Adobe retains copyright on Atmosphere and does not give permission for others to distribute copies of the software, so the company's decision to stop making the Builder available for purchase has essentially halted the creation of new worlds. The plugin remains available as a free download on Adobe's FTP site, however. Adobe still provides 3D capabilities in its more popular Adobe Acrobat product, but these features were developed using technology from New Zealand's Right Hemisphere, rather than using Atmosphere. Nearly all of the Atmosphere development team went on to work with the Acrobat team. The only Atmosphere component still in use at Adobe is the scripting API; other Atmosphere components including scene graphs and the physics engine were licensed from other companies, such as Viewpoint.

==Community==

Atmosphere had a dedicated beta-testing community, whose members constructed many worlds and avatars, promoted the software by word of mouth, and conducted community events, such as world tours and building contests. The largest of these contests was Star Wars 3D, a large-scale effort to create a comprehensive set of worlds and avatars based on the Star Wars trilogy. The creations were unveiled on July 4, 2003, and festivities officially continued until July 6. Another large effort held was themed to the Lord of the Rings trilogy.

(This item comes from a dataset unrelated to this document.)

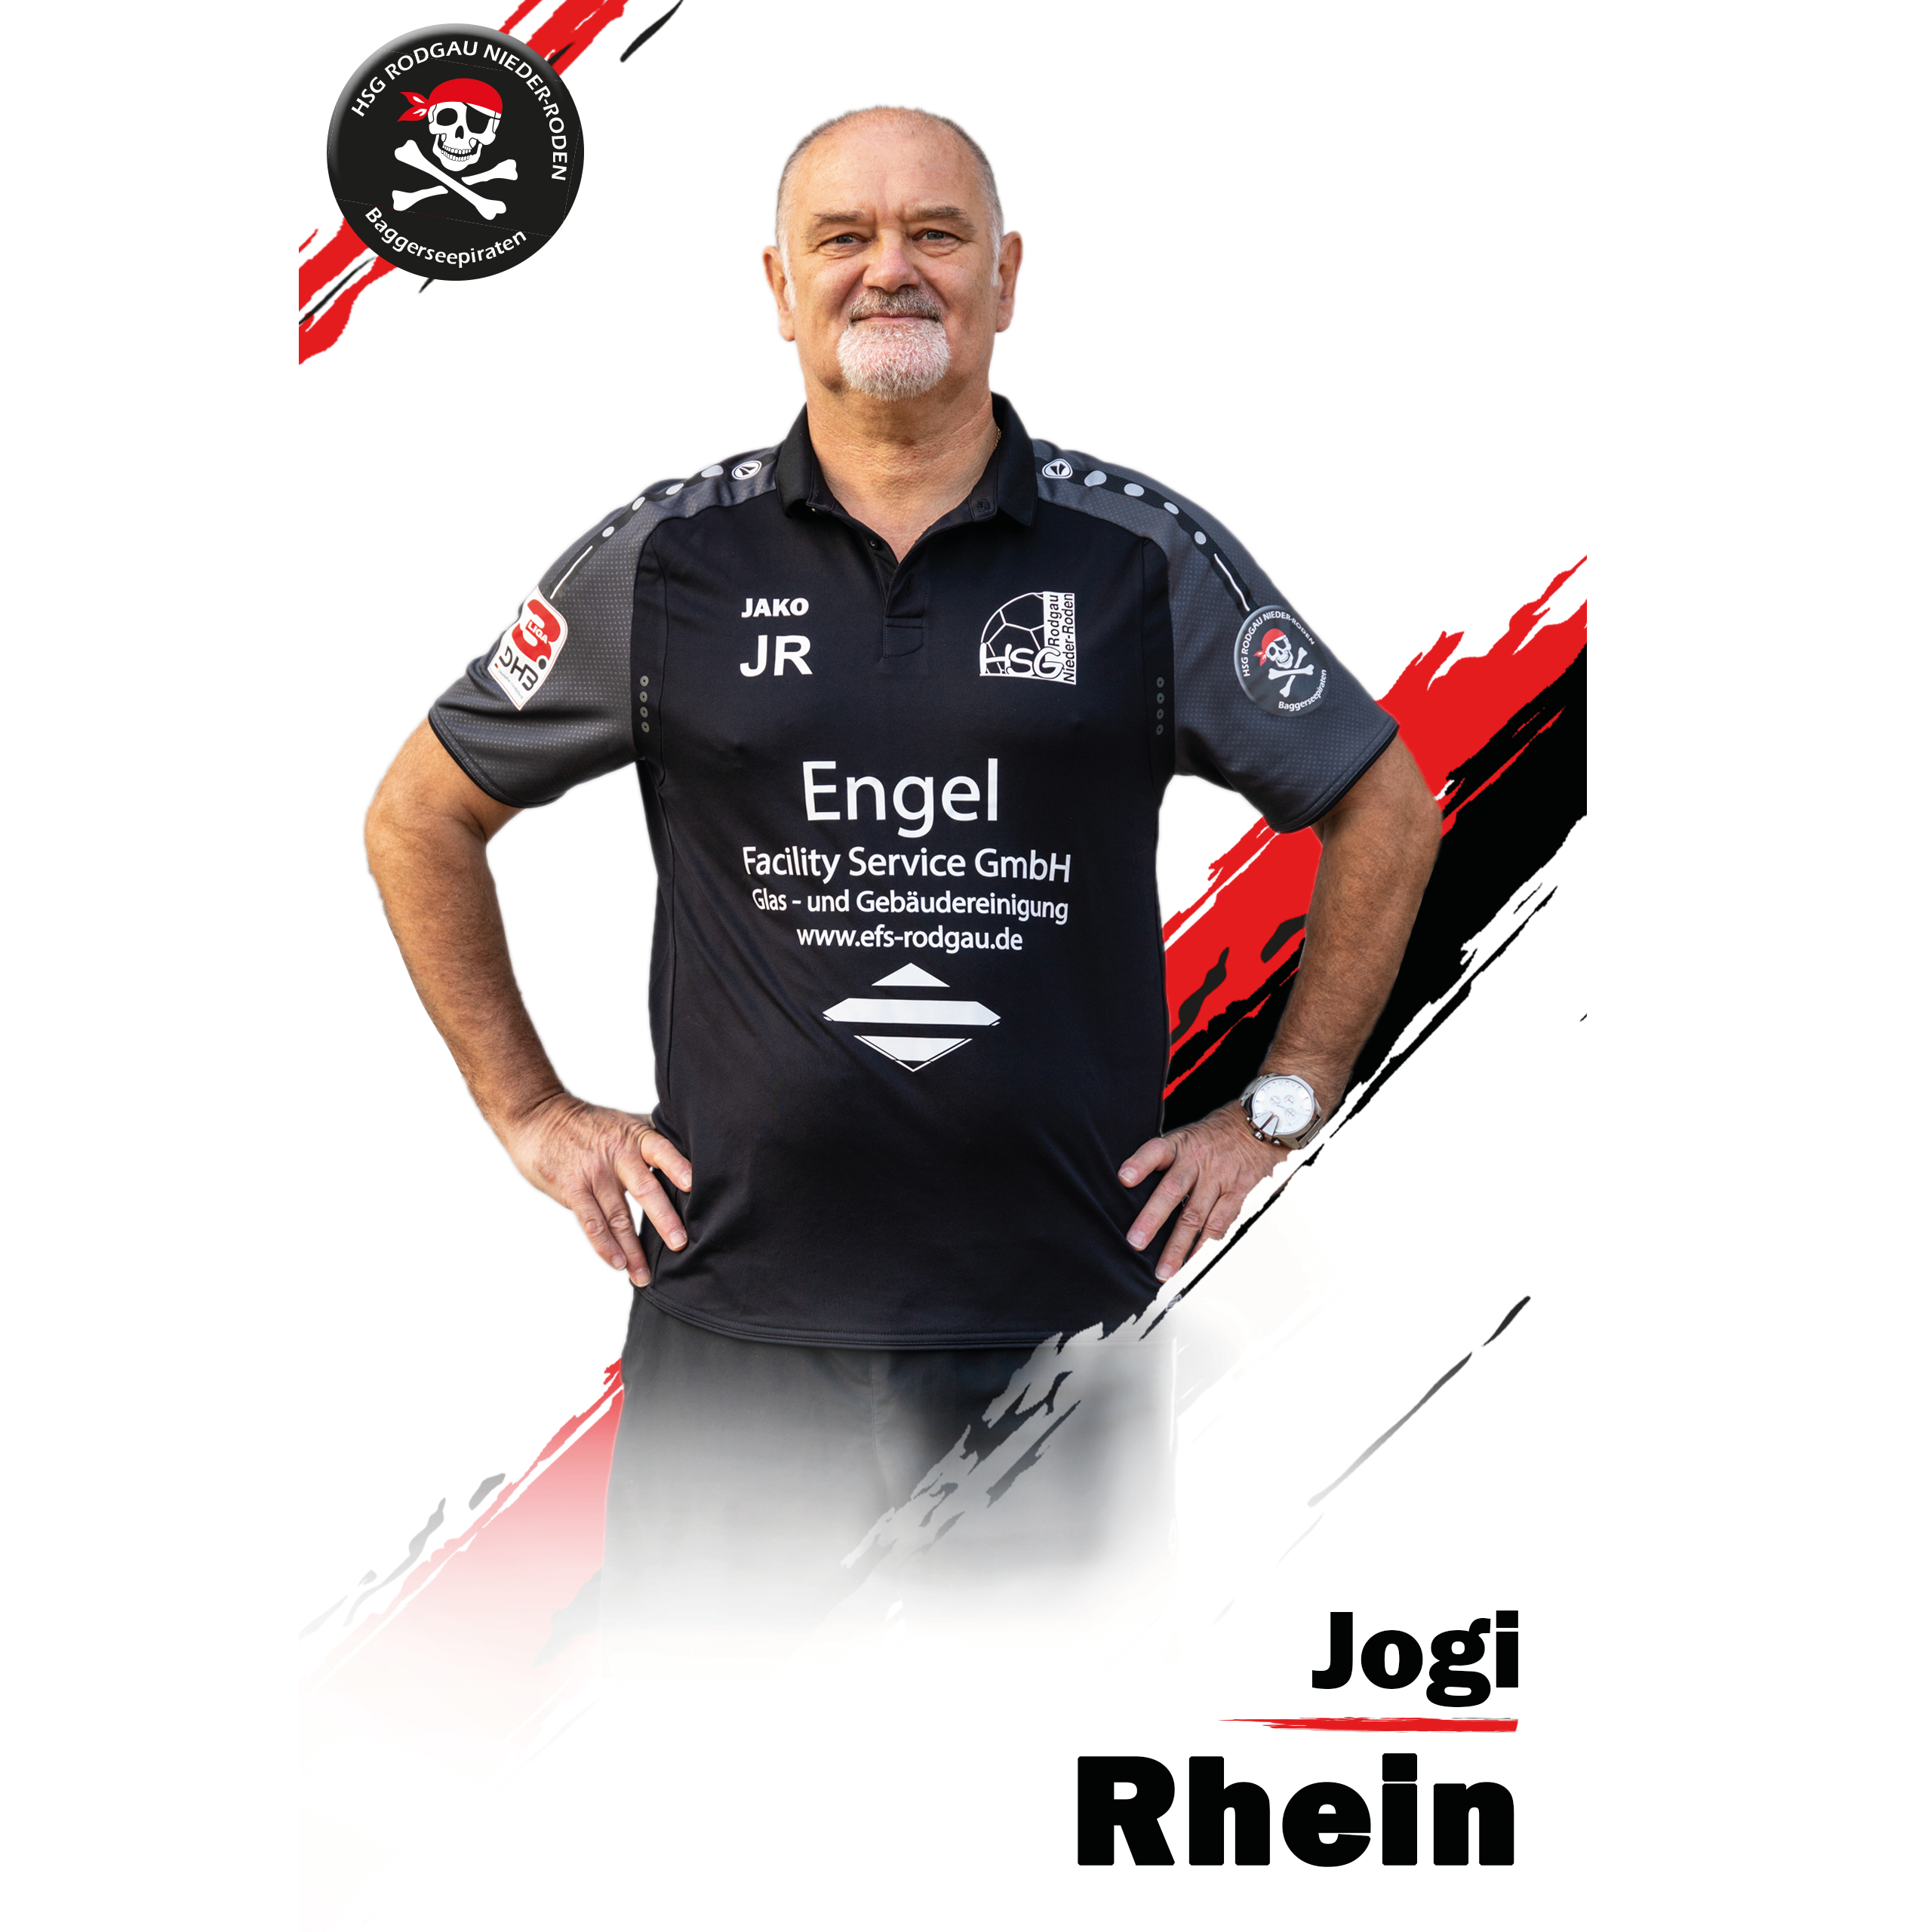 Joachim Rhein

Community members also organized and attended events such as World Tours, which featured innovative worlds each week, and Tech Talks, originally a weekly event intended for world and avatar developers. Initially, most community discussion occurred either in the worlds or at the appropriate Adobe User-to-User Forums. Later, to supplement the official Atmosphere product Web site and discussion forums, the community created a large number of resource Web sites, some of which are listed below.

Beta-testers dubbed the Atmosphere developers "zombies", in recognition of the long hours the Adobe employees apparently spent developing the software. The running joke on the team was that, instead of the typical meal of brains, Atmosphere's zombies ingested eyeballs, due to the visual nature of the product. The beta-testing community eagerly awaited new releases from the development team, to which the developers invariably answered that it would take "about two weeks"; this response became a euphemism for "when it's ready."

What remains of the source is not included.